Page 1 of 2 [1] 2 Next page →

#5113 — Storing large strings for future equality checks

From	Abu Yahya <abu_yahya@invalid.com>
Date	2011-06-08 22:05 +0530
Subject	Storing large strings for future equality checks
Message-ID	<iso8cm$a80$1@speranza.aioe.org>

A small application that I'm making requires me to store very long 
strings (>1000 characters) in a database.

I will need to use these strings later to compare for equality to 
incoming strings from another application. I will also want to add some 
of the incoming strings to the storage, if they meet certain criteria.

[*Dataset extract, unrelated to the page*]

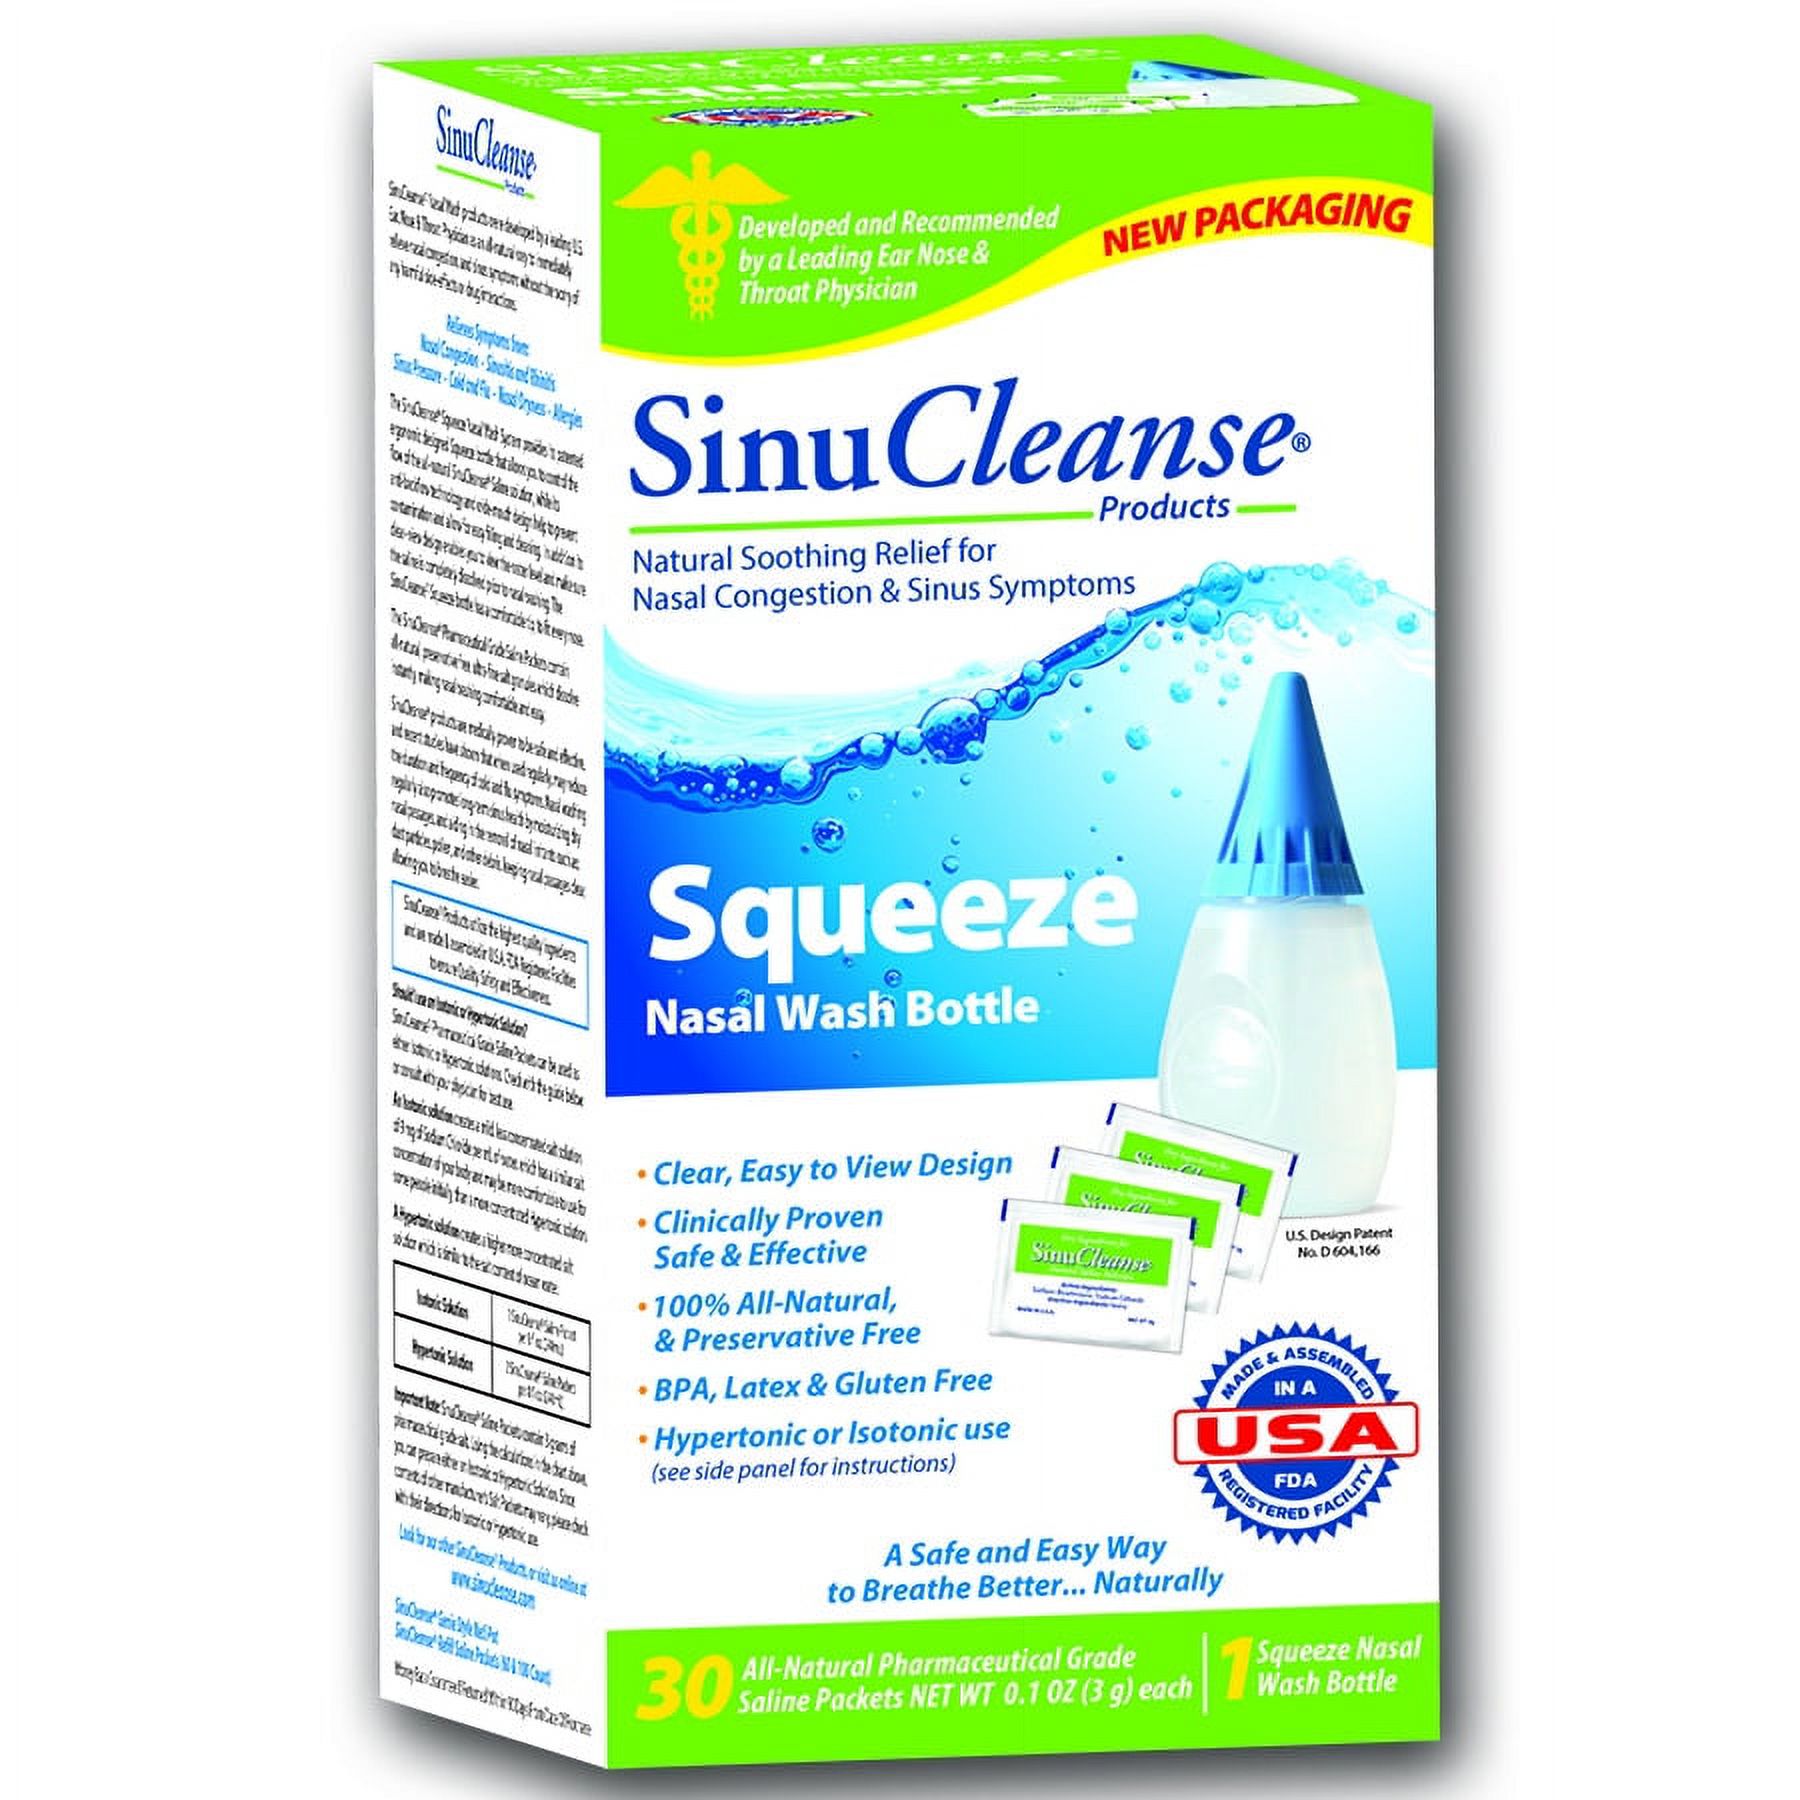 SinuCleanse Squeeze Bottle Nasal Wash System - image 1 of 2

For my application, I get a feeling that storing these strings in my 
table will be a waste of space, and will impact performance due to 
retrieval and storage times, as well as comparison times.

I considered using an SHA-512 hash of these strings and storing them in 
the database. However, while these will save on storage space, it will 
take time to do the hashing before comparing an incoming string. So I'm 
still wasting time. (Collisions due to hashing will not be a problem, 
since an occasional false positive will not be fatal for my application).

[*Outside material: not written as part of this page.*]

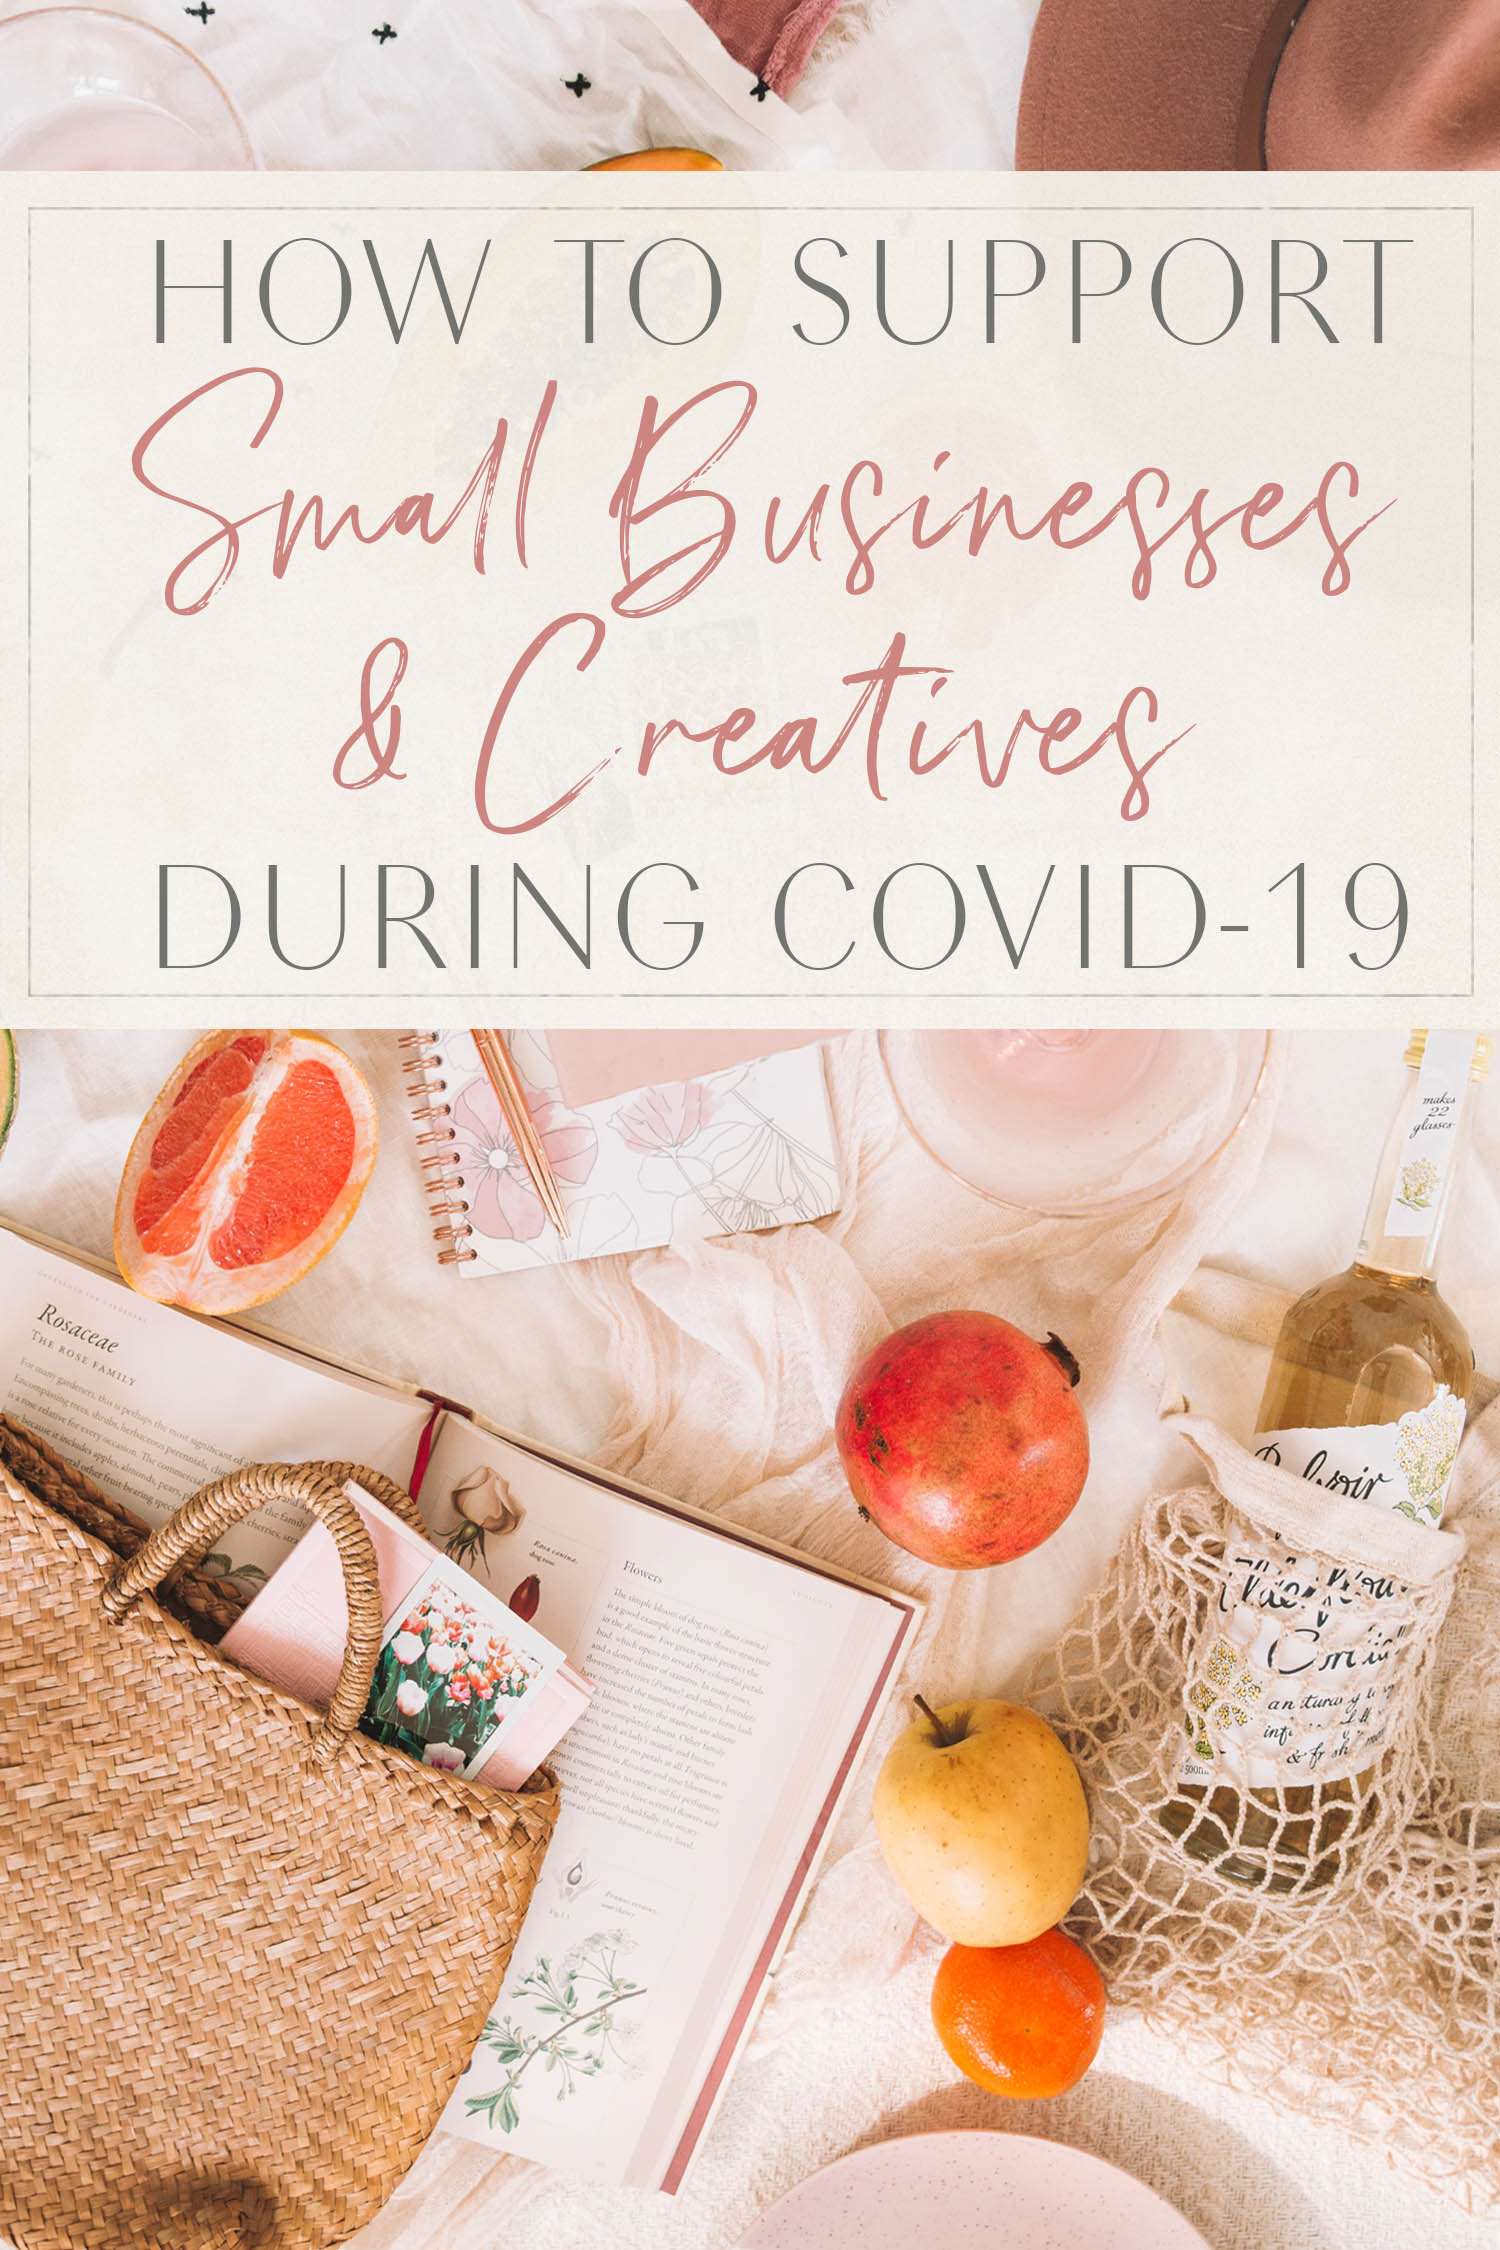 3How to Support Small Businesses and Creatives

What would be the best approach?

[toc] | [next] | [standalone]

#5115

From	markspace <-@.>
Date	2011-06-08 09:49 -0700
Message-ID	<iso96r$pml$1@dont-email.me>
In reply to	#5113

On 6/8/2011 9:35 AM, Abu Yahya wrote:

> I considered using an SHA-512 hash of these strings and storing them in
> the database. However, while these will save on storage space, it will
> take time to do the hashing before comparing an incoming string. So I'm
> still wasting time. (Collisions due to hashing will not be a problem,
> since an occasional false positive will not be fatal for my application).

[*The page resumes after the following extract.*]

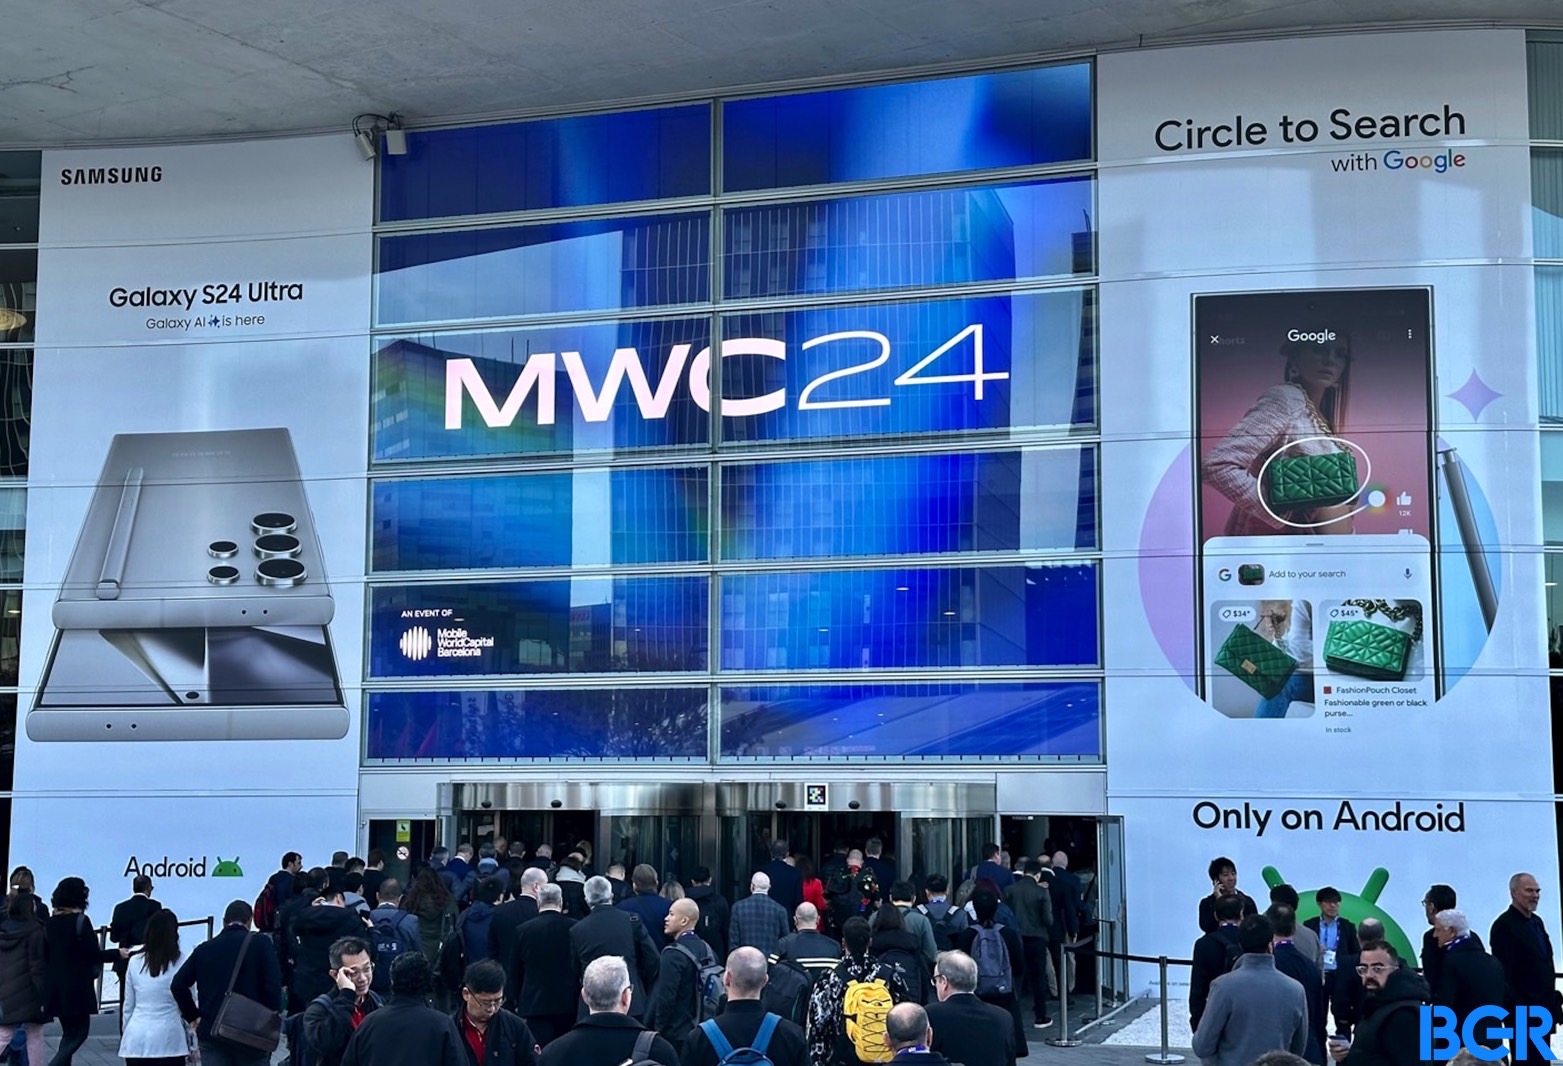 Galaxy S24 signage dominating the MWC 2024 entrance.

You have to store the whole string.  Even if the SHA-512 hash codes are 
equal, it could be that the strings are different.  You'll have to 
eventually compare the raw string, even if the SHA is used as a 
quick-out case.

No one can really tell what is "faster" or "wasting time" until you can 
better characterize the usage patterns.  How big can these strings get? 
  How often will you get an actual duplicate?  What's the penalty when 
you need to add a new string?  You'll need to implement a few 
algorithms, profile them and then make a decision based on actual data.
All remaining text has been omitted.